Anyone have a link to this paper?


----------



## Bugman610 (Aug 6, 2014)

Thanks y'all for the help.


----------



## JoeM (Dec 31, 2012)

Link to Walt Wright
http://www.k4vb.com/Walt's BIO reduced.htm

Then follow the links within this one


----------



## marshmasterpat (Jun 26, 2013)

Appreciate the link, thanks


----------



## minz (Jan 15, 2011)

Timing is based on the apple bloom. I have tried it for two years being in the same situation as Walt. First year they still swarmed but 2 weeks after the other hive. Second year the hive never filled a super. Your results may vary, I would suggest still checking them every 10 days rather than just hoping that they do not swarm.


----------



## Daniel Y (Sep 12, 2011)

I have used Walts methods for two years. I have not yet figured out what to use as a indication of the RSCOD (Reproductive swarm cut off date). But I do see clear indications that such a thing does exist.

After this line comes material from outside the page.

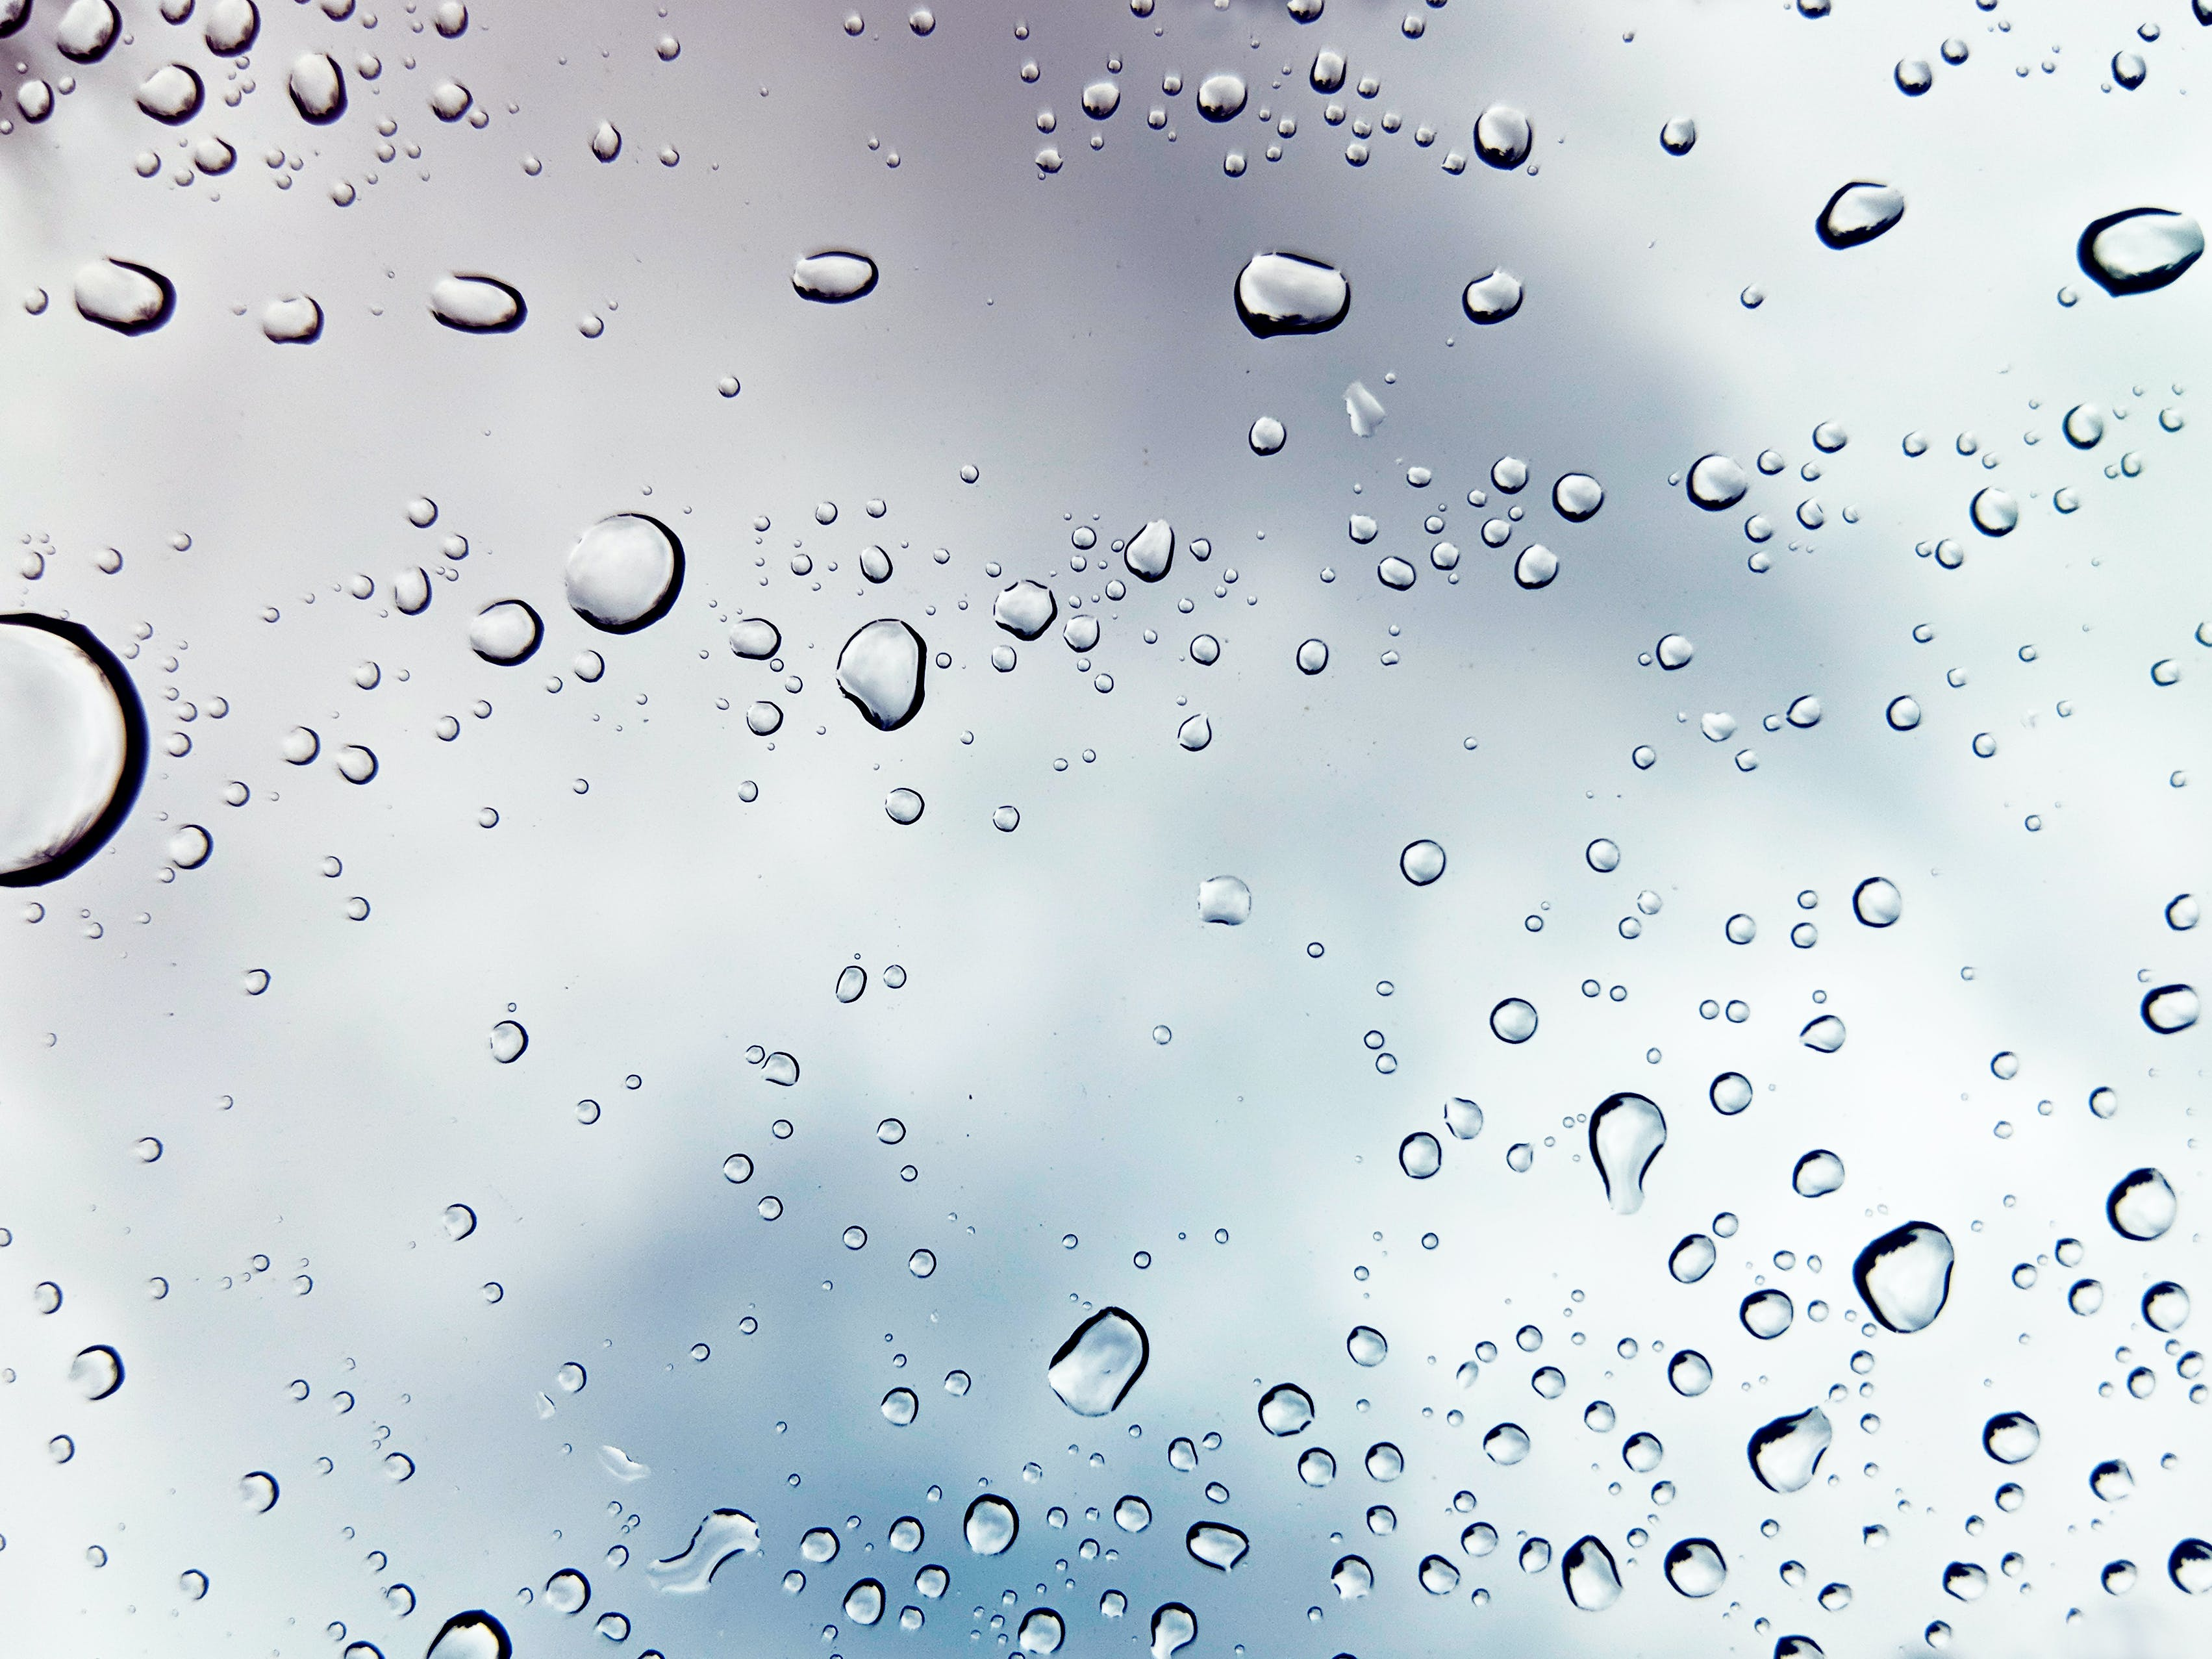 Macro Shot Photography of Water Drops

Due to no idea of that cut off date I have no way of reliably doing the math backwards. I do believe our swarming period ends around he 2nd week of June. For two years in a row my bees have started building up in February. Very early for us. suspect tin a normal year build up will begin in March at the latest. I rely more on current conditions of the hive to determine when to checkerboard rather than a calculation based upon future as yet unknown events. Swarming seems to begin in early May and run into mid June. that is a pretty big window of time for trying to calculate just what day was a cut off date. I am not saying such a day does not exist. I am saying figuring out when it is so far has not worked for me.

On another note, waiting until you see a swarm cell does not work either. One thing I have started to notice is an earlier bad sign, maybe, is bees lounging around in the upper supers of a hive. as a hive population builds there simply seems to me to be more and more bees with nothing to do. In my way of gettign things to make since I simply see these bees as bored. they get together and start causing trouble.

So far I have not found my attempts at Walts methods to do all that much in the way of preventing swarms. In the first year the only hive I managed with that method cast the largest swarm I have seen to date. Last year we attempted it with 12 hives. at the first indication of swarming we abandoned all attempt with the method fro all hives. split queens from the workers and had a near 100% swarm prevention rate.

I will say the checkerboarding method motivates a hive and builds huge populations. a queen moving up through 3 or even 4 supers produces a lot of brood. I had every on of our hives but one built up to a minimum of three boxes packed full of bees last spring. That one hive had a older failing queen in it that I was keeping to graft new queens from.

I am now working toward some sort of hodge podge of methods that here would be describes as side expansion/checkerboarding with a split thrown in. I use side expansion in the case of building up a nuc. I pretty much discovered it on my own before finding a few discussion here about it. That lead someone leading me to Walt and his ideas. 

I got a copy of Walts book and spent some time really going over it. double checking figures laying out some time lines. taking my own notes concerning his claims and explanations. I find some things I do not agree with due to my own observations. In other cases what he says seem to be almost completely backwards.

One thing I did not like about the book is it's repetition in defending the method as a whole. it seemed as if at every point Walt returned to making a complete argument. I suspect that is nothing more than the result of having gotten a lot of arguments from others about it. 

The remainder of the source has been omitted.